DATA FOR ANALYSIS:
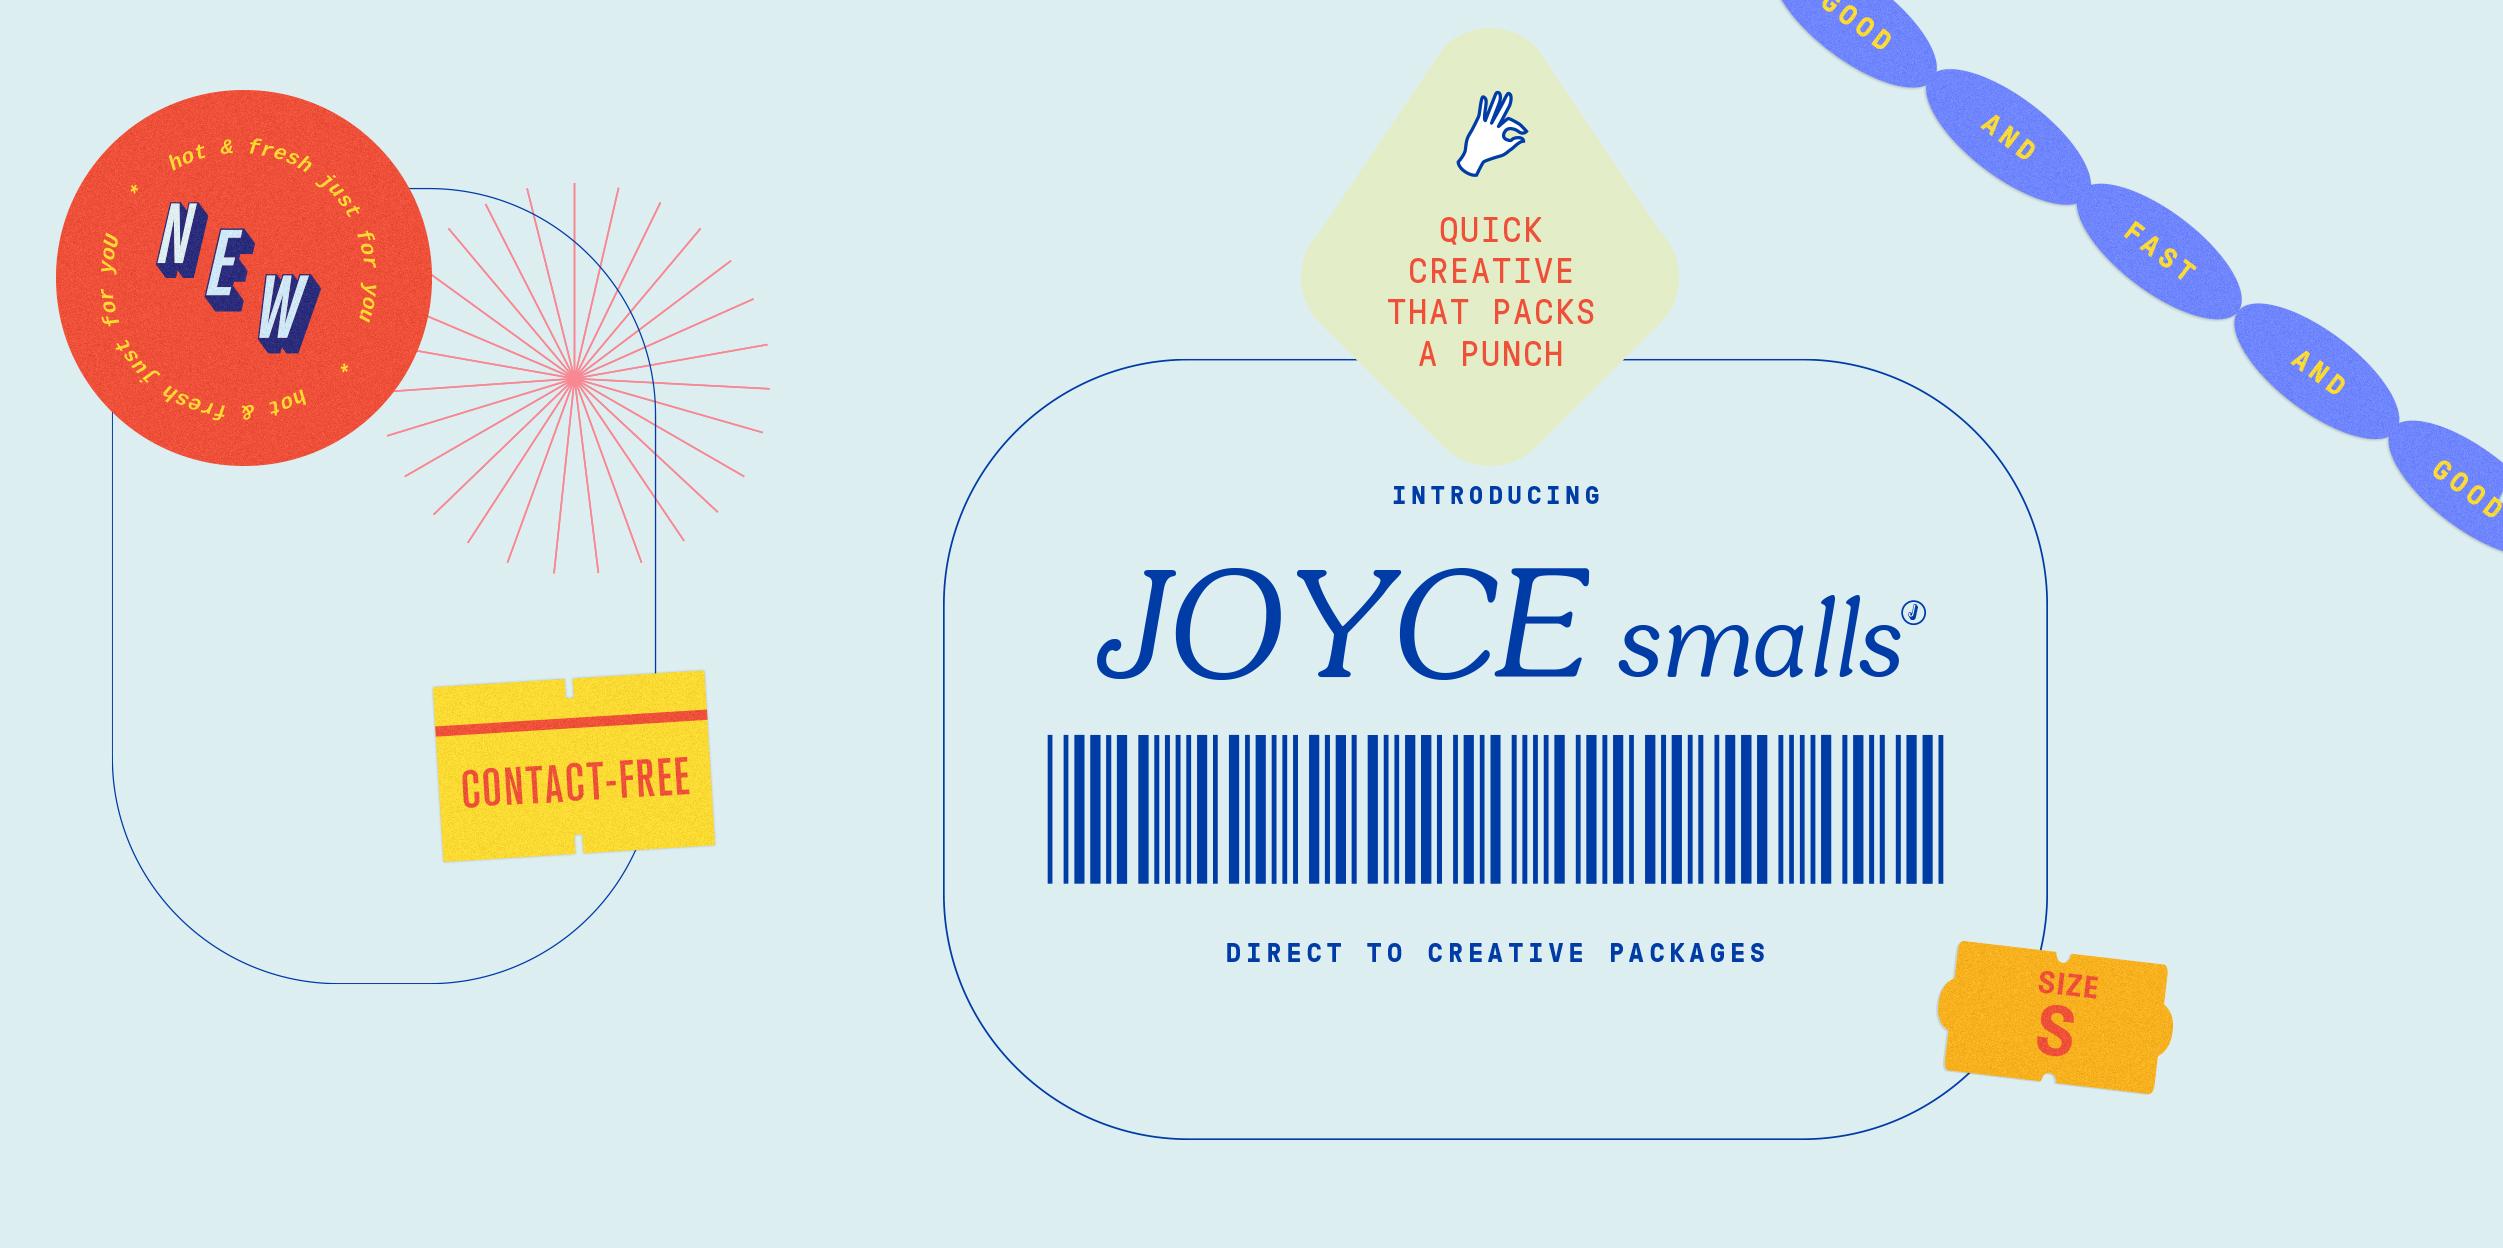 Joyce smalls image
* * *
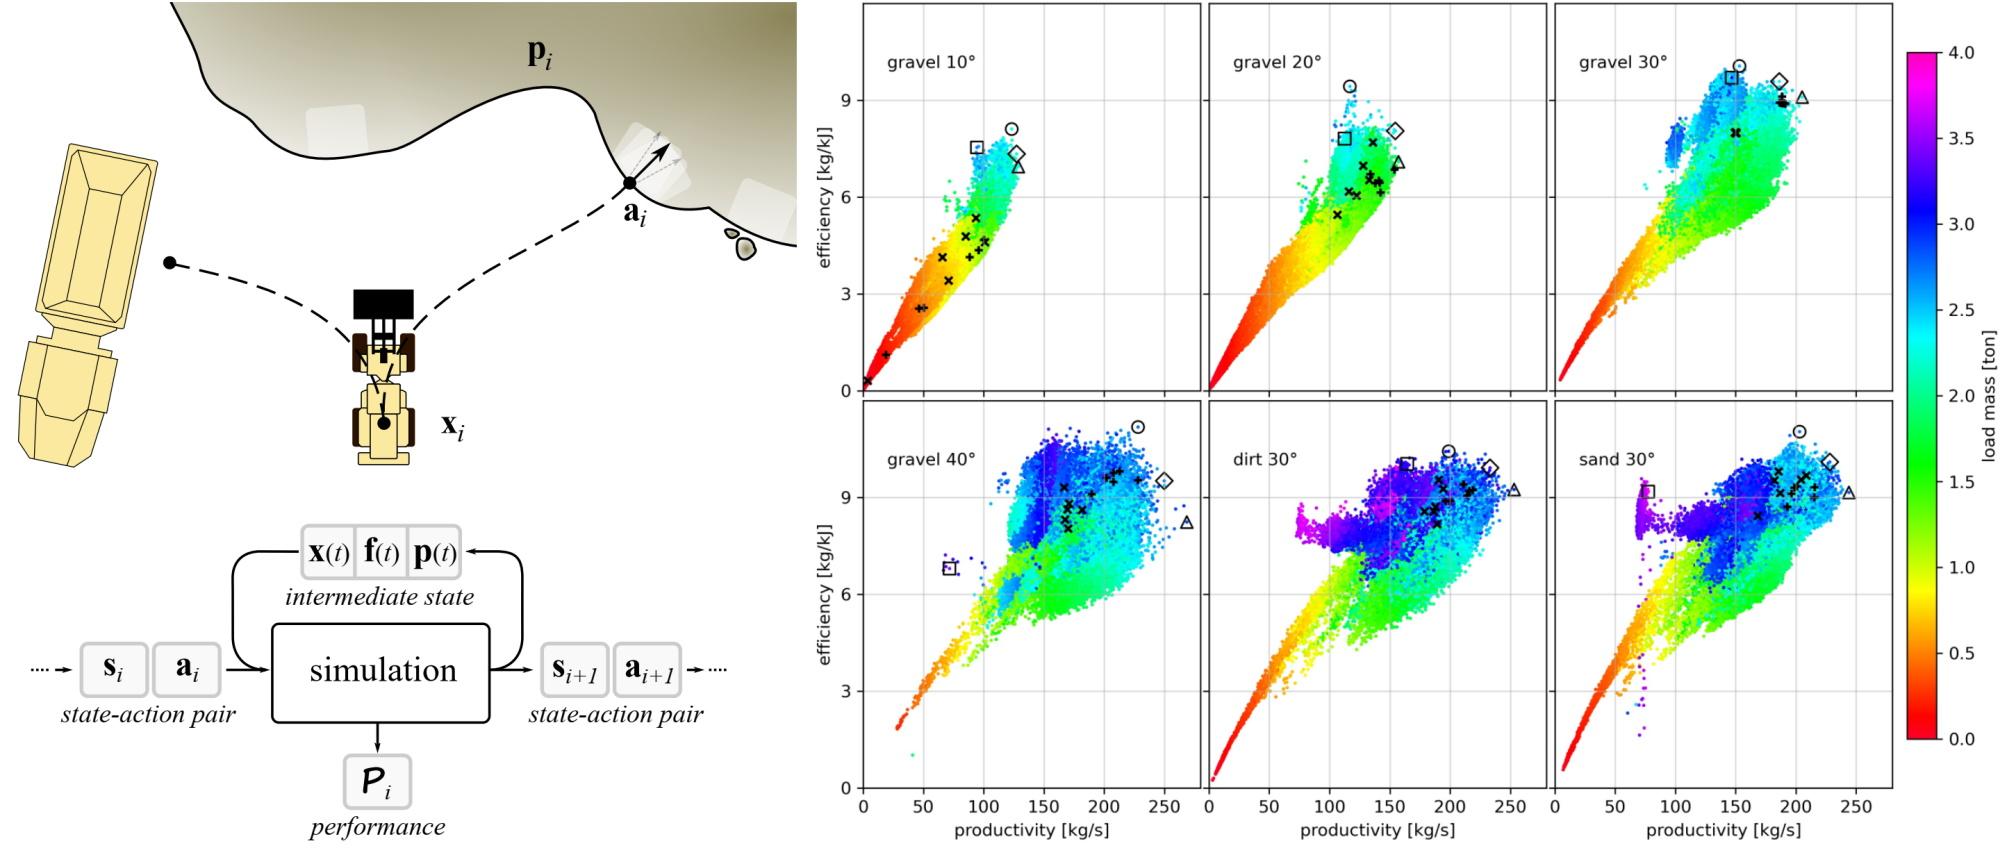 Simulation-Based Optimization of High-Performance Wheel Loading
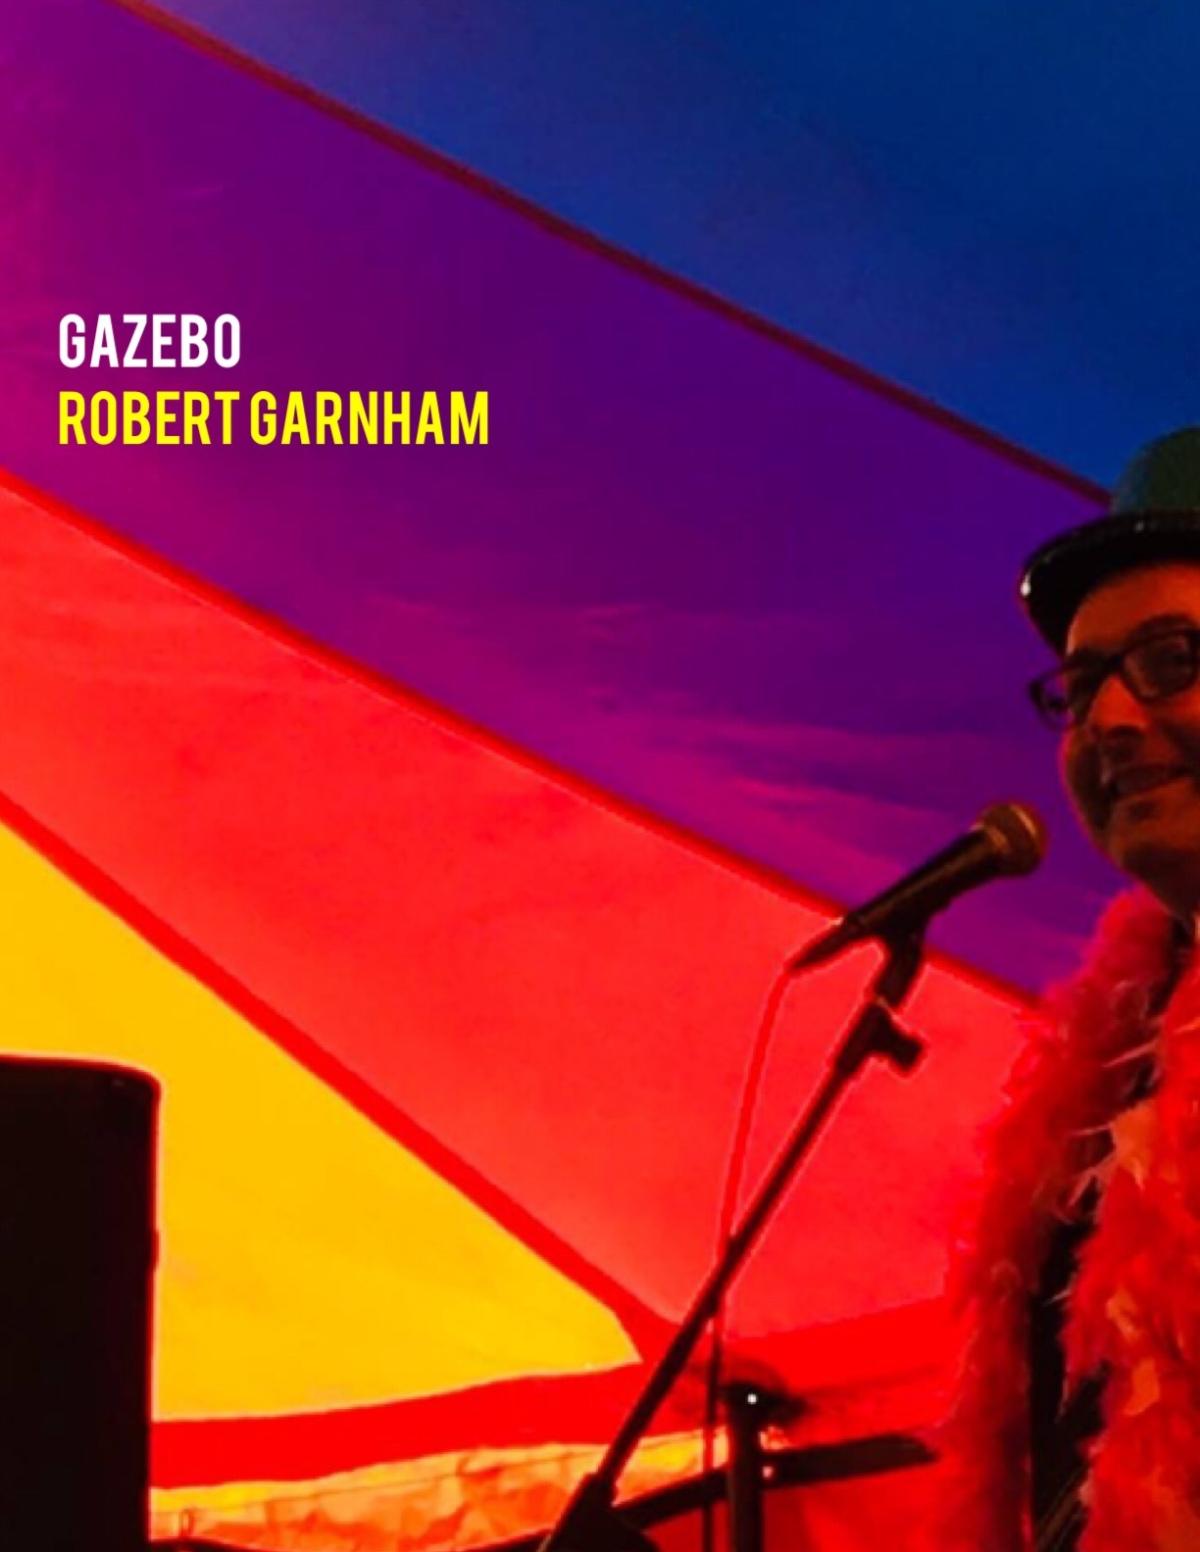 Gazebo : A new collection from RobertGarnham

INSTRUCTIONS TO FOLLOW: Starting at the line containing "Simulation-Based Optimization of" and stopping at the line containing "Gazebo : A new collection from RobertGarnham", output each line exactly as it appears above. Leave out the pictures.

YOUR RESPONSE:
 Simulation-Based Optimization of High-Performance Wheel Loading
 Gazebo : A new collection from RobertGarnham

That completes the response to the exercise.